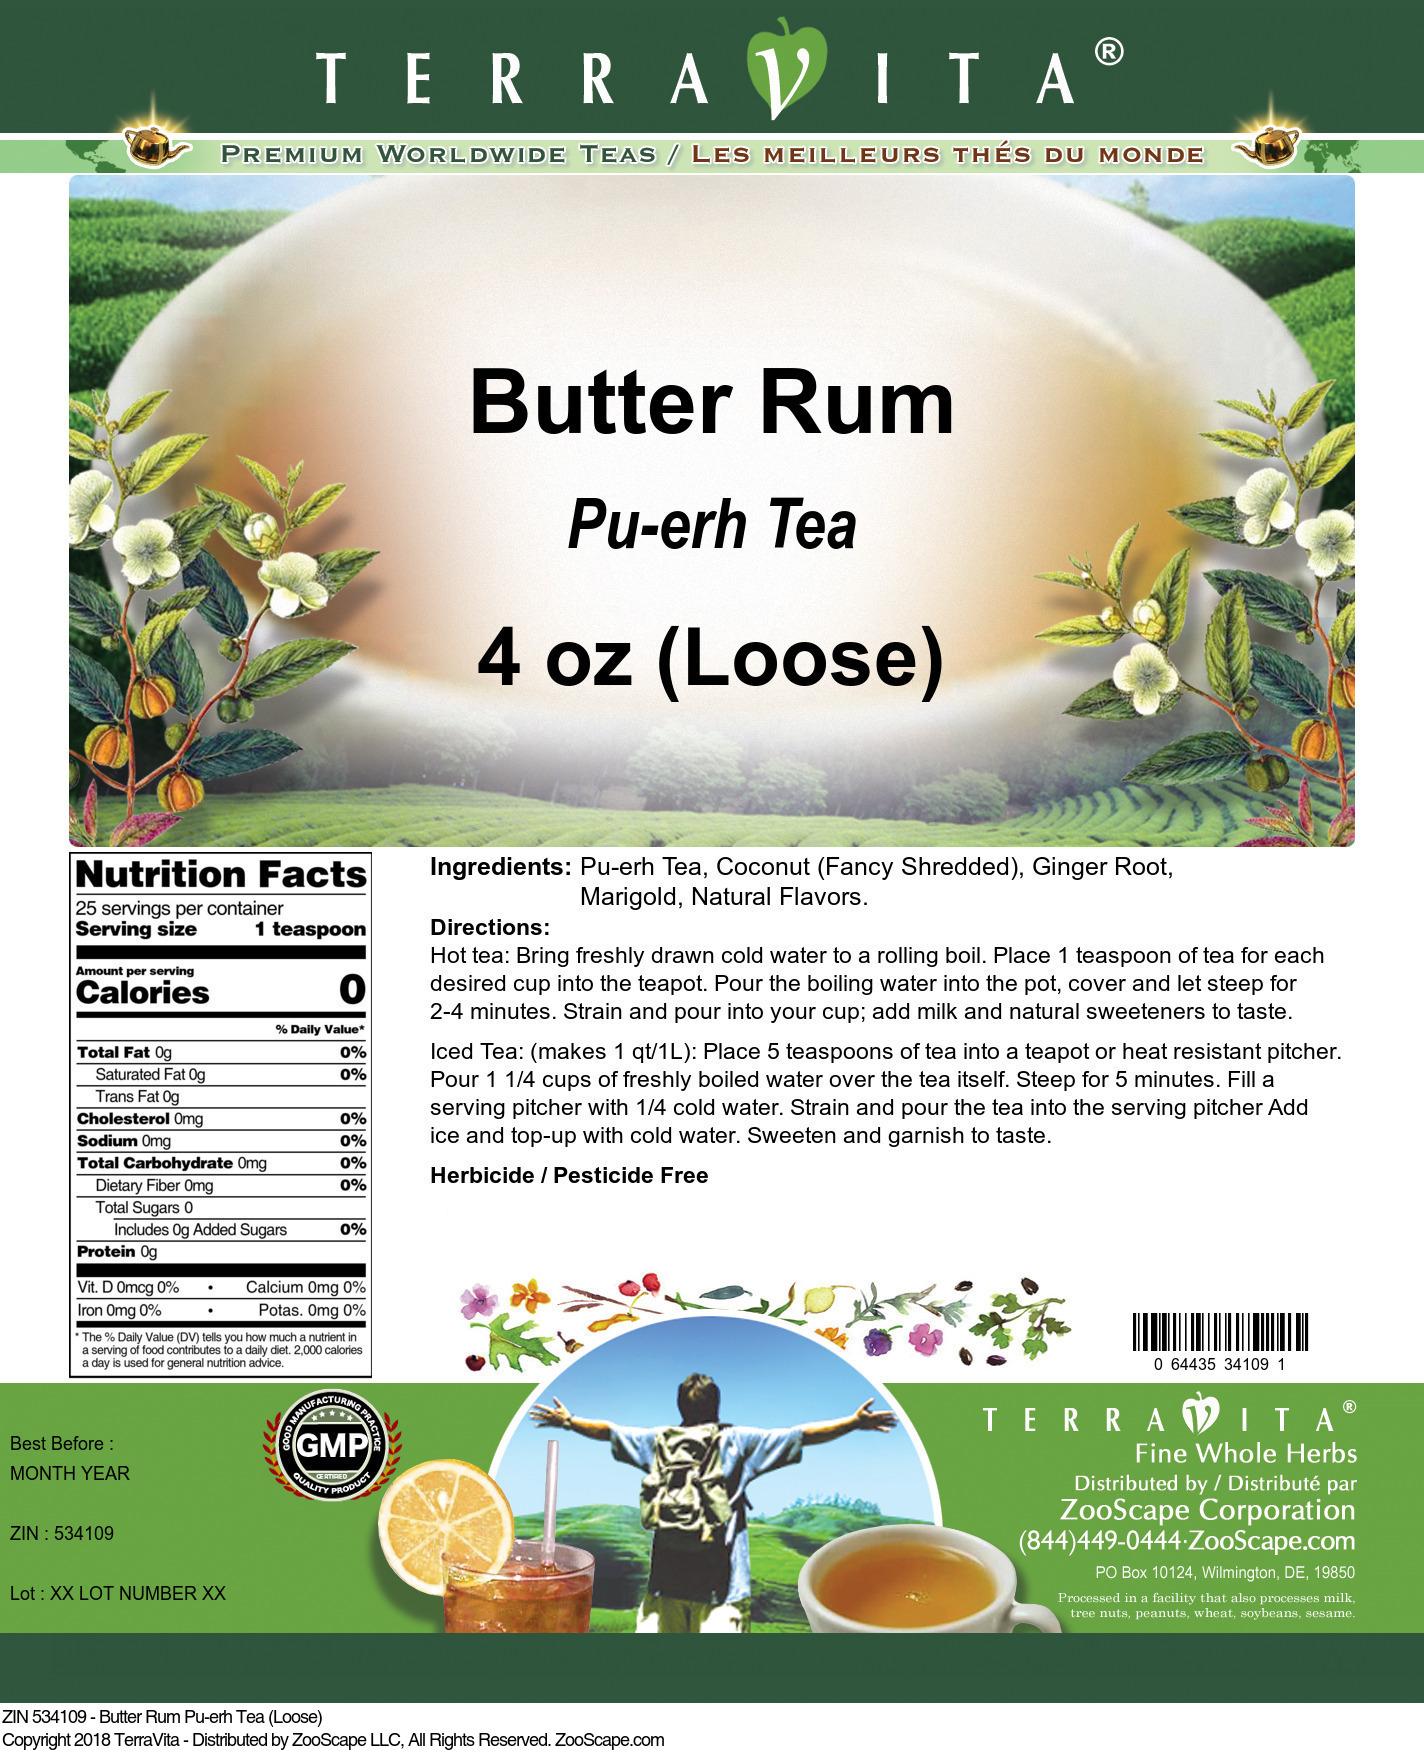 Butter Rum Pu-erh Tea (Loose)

* * *

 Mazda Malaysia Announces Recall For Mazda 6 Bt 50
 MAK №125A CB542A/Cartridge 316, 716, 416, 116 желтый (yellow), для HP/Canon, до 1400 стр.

* * *

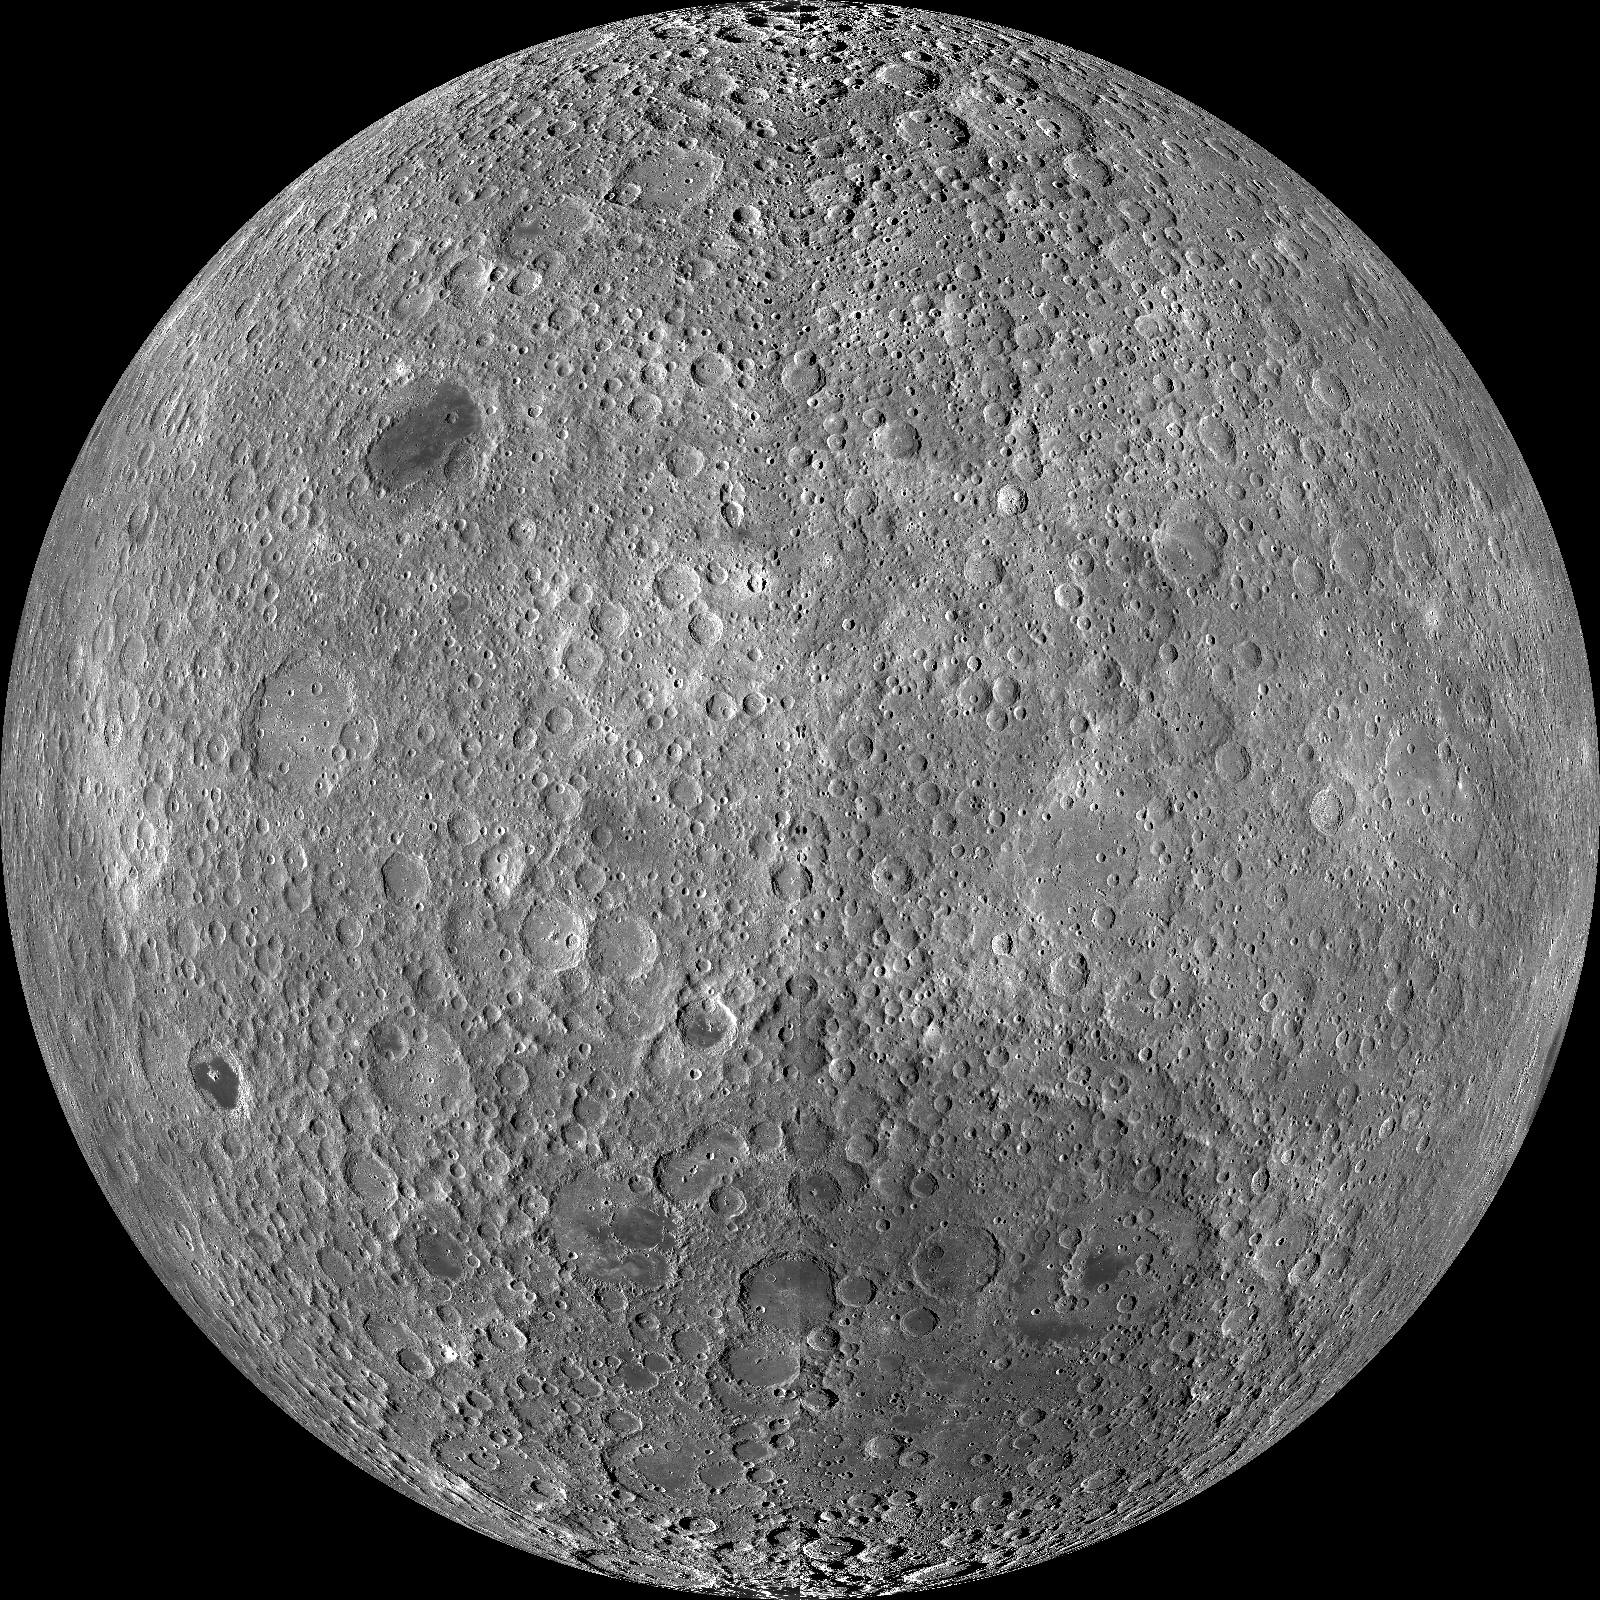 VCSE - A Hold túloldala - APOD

Work request: Above are the records; from them, give again exactly the lines from the one containing "Mazda Malaysia Announces" to the one containing "MAK №125A CB542A/Cartridge", both lines included, and nothing more.

Reply to the task:
 Mazda Malaysia Announces Recall For Mazda 6 Bt 50
 MAK №125A CB542A/Cartridge 316, 716, 416, 116 желтый (yellow), для HP/Canon, до 1400 стр.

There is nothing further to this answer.